▶ _Your assignment_: Repeat the data word for word. Do not include the pictures.

▶ _Provided data_:
━━━━

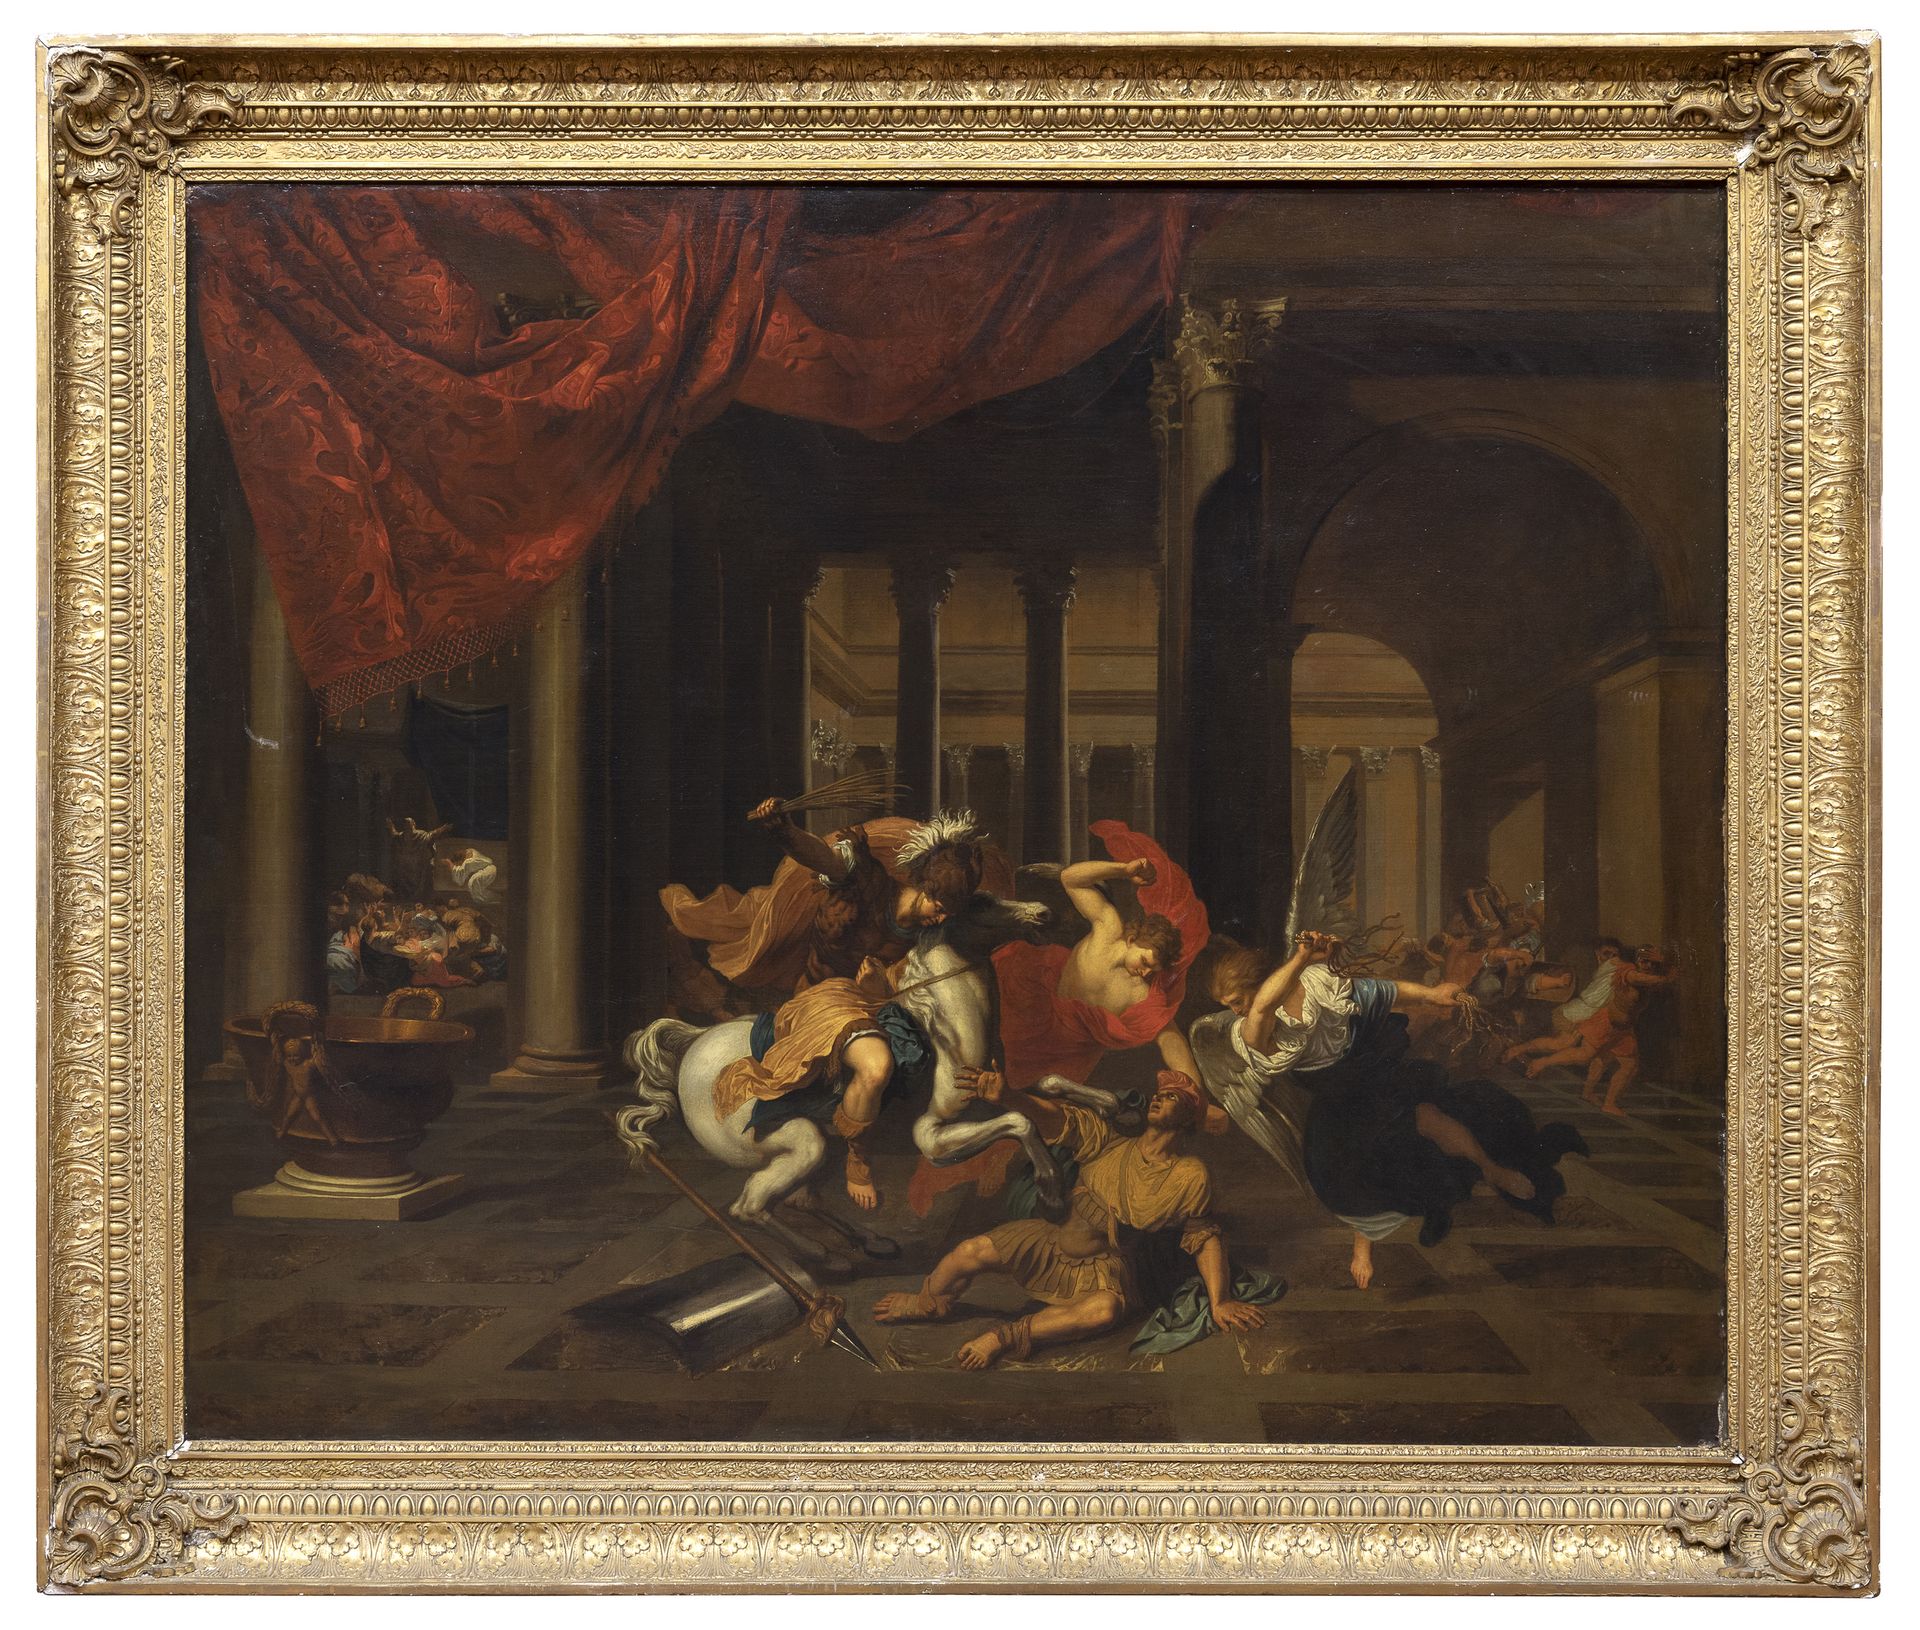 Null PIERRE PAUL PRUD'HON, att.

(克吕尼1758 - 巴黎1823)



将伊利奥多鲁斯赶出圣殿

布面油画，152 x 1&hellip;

━━━━

▶ _Reply to the exercise_:
 Null PIERRE PAUL PRUD'HON, att.

(克吕尼1758 - 巴黎1823)



将伊利奥多鲁斯赶出圣殿

布面油画，152 x 1&hellip;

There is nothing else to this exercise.